Carrie was the first novel Stephen King ever concocted, of many. Brian De Palma’s Carrie was the first big screen adaptation of King’s works. To this day, it’s still one of the very best. As someone who has read shockingly few of King’s works, I can say that sometimes the translation from page to screen doesn’t always mesh. Sometimes a filmmaker can work wonders with King; other times it can be a glorious failure (if you have not seen Dreamcatcher, whew). De Palma’s film is immaculate, and one that has surpassed the test of time.
This is a film that works for a number of reasons. I think it’s because, in its own supernatural way, King’s story really resonates. Not that we can fully relate to what’s happening to Carrie White, but the idea of a teenager going through a living hell is something that’s relatable. That’s just the magic of King though: he’s always been one to think outside the box. Take a concept like the one in Gerald’s Game. Who thinks of that? With Carrie, he and De Palma essentially take a bullied teenager and they turn that idea on its head. The idea being, what if they snapped? But this is of course more than just that though, considering Carrie White has telekinesis, and when we first meet her in Carrie, she’s kind of learning how to control those powers.
Sissy Spacek plays the titular role here, and she’d been in a few things by this point, such as Terrence Malick’s Badlands. But this was the one that sent her on a skyrocket, and for good reason. Spacek actually earned a much warranted Oscar nomination here, and the more I watch Carrie the better this performance becomes. Part of it I think lies in Spacek’s appearance, which is an odd way to judge a performance. But Spacek has a really striking face; she’s pretty, and yet you can see how others might find her creepy. She doesn’t LOOK like many other people, so she truly fits the role of an outcast like the glove, even though she’s obviously not. She also really gets us to empathize with her early on. Having seen this movie many times, we know what she’s capable of. Yet we know that she’s a gentle soul who can only be pushed so far. She makes us like her to the point where when she does unleash hell, it’s more than earned.
That’s also of course a testament to De Palma’s direction here. Here is maybe the best director that has never fully gotten his due. Those of us who know his movies know his greatness, and yet he still feels underrated. Carrie is certainly in the pantheon of De Palma’s best works, because of the the performances he conjures, the cinematography that he orchestrates, and really just the feeling of dread that he helps spread throughout the entire movie. Carrie White leads a truly miserable existence, and he makes us feel it.

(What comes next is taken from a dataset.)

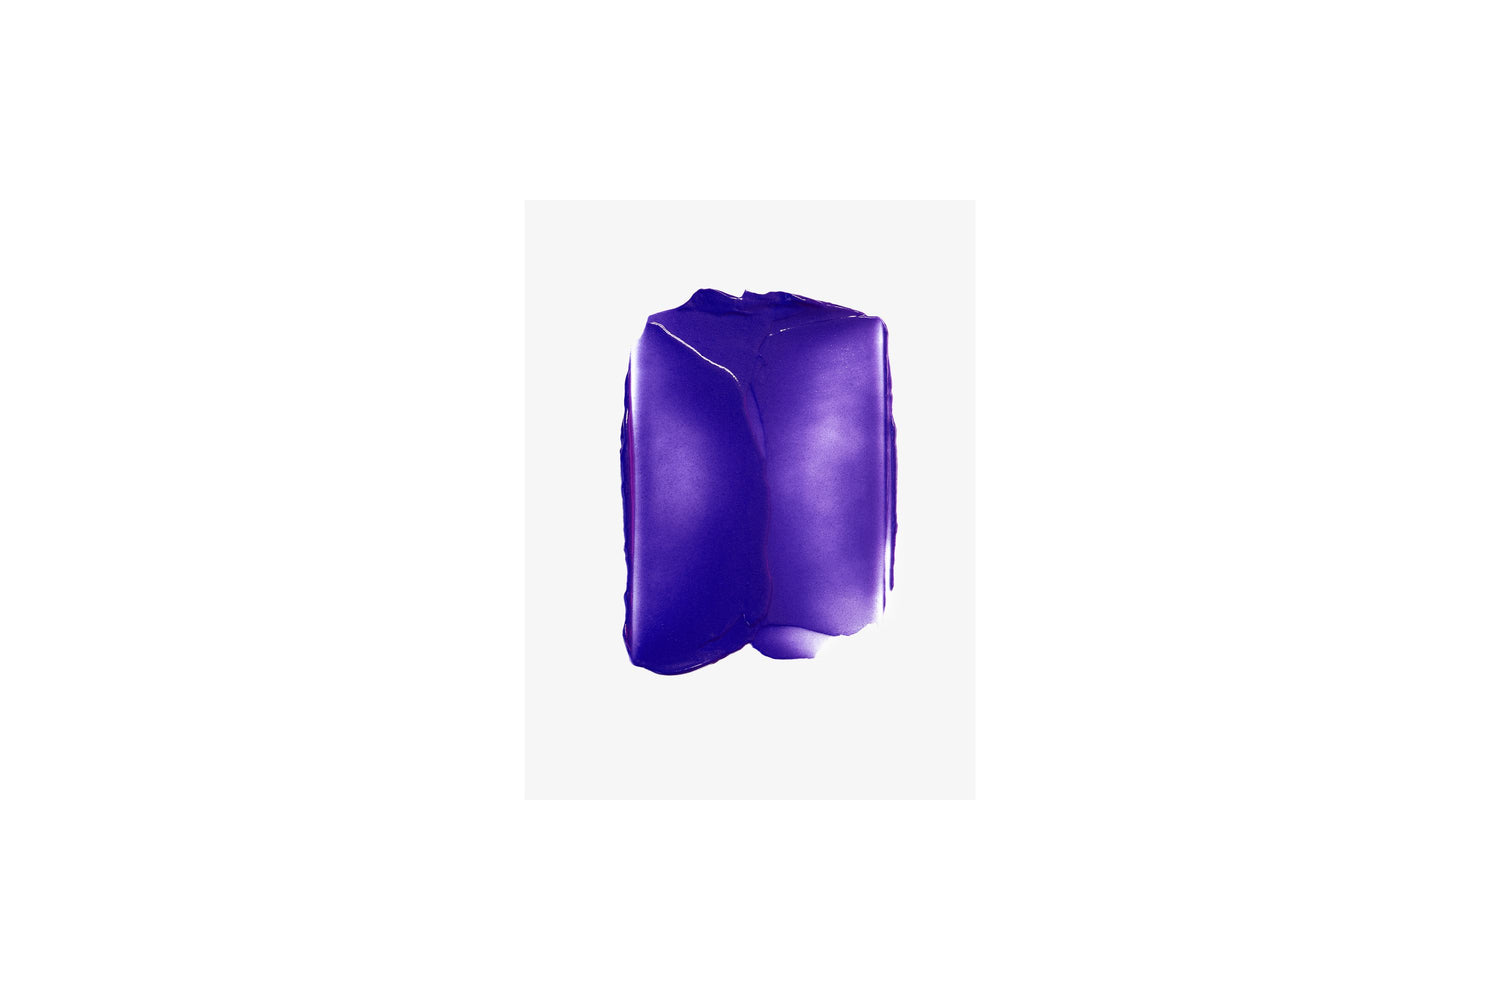 Kerastase Blond absolu masque ultra violet. Denna lila inpackning är idealisk för blont hår med kalla toner som är blekt eller slingat. Inpackningen tränger in i fibern och avlägsnar oönskade varma och gula toner.

Adding to the miserable existence is none other than Carrie’s mother, who is played by Piper Laurie. Laurie also garnered an Oscar nomination here. I’m not sure who won, but they should’ve just handed it over to her. Because what Laurie is doing in this movie is cuckoo-bananas, bonkers, and weird… but it’s also truly frightening and unforgettable. Mrs. White is essentially the cause of her daughters’ torment; all of the kids at Carrie’s school, particularly Chris and her boyfriend Billy (Nancy Allen and John Travolta), harass Carrie because they think she’s a freak, and they think she’s a freak because of her mother. Her mother is a Jesus freak, and also more, who shelters Carrie from normal society.
The bulk of Carrie is really just laying out the groundwork for its climax, which is as riveting as they come. The film opens with Carrie having her period in the middle of gym class, and she’s completely horrified because she has no idea what it is. From then on, we’re off, and we pretty much get to endure the high school hell that she is subjected to. Nearly everyone is against her, such as the people previously mentioned. But not everyone. Sue (Amy Irving) sees Chris’ bullying as wrong, and stands up to her.
The gym teacher, Miss Collins (Betty Buckley) also has no trouble putting Chris in her place. This of course pisses Chris off, and her and Billy devise a plan to exact revenge on Carrie (wouldn’t you target the people who actually did you wrong? I digress). Sue, feeling empathy for Carrie for her years of torment, urges her boyfriend Tommy (William Katt) to ask Carrie to the prom. Carrie, despite her mother’s unbearable warnings (“They’re all gonna laugh at you!”), goes to prom, has the night of her life, and then… well, if you know this movie, you know. But I have to say, the tension and suspense that De Palma cooks up in those moments is crackerjack.
I don’t know what there is really left to say about Carrie. What can be said that hasn’t been said by countless others? I guess I do have a gripe with it though, and it’s minor. But when s**t hits the fan, why does Mrs. Collins laugh? Mrs. Collins had rooted for Carrie and cared about her the entire movie, and then in that moment she snaps and meets her demise. I haven’t seen the Chloe Moretz/ Kimberly Pierce remake in a few years, but I do recall that they righted that wrong. Otherwise, De Palma’s film is an absolute jewel. A horror classic that has persisted for over 45 years, and you know what? It’s not going anywhere.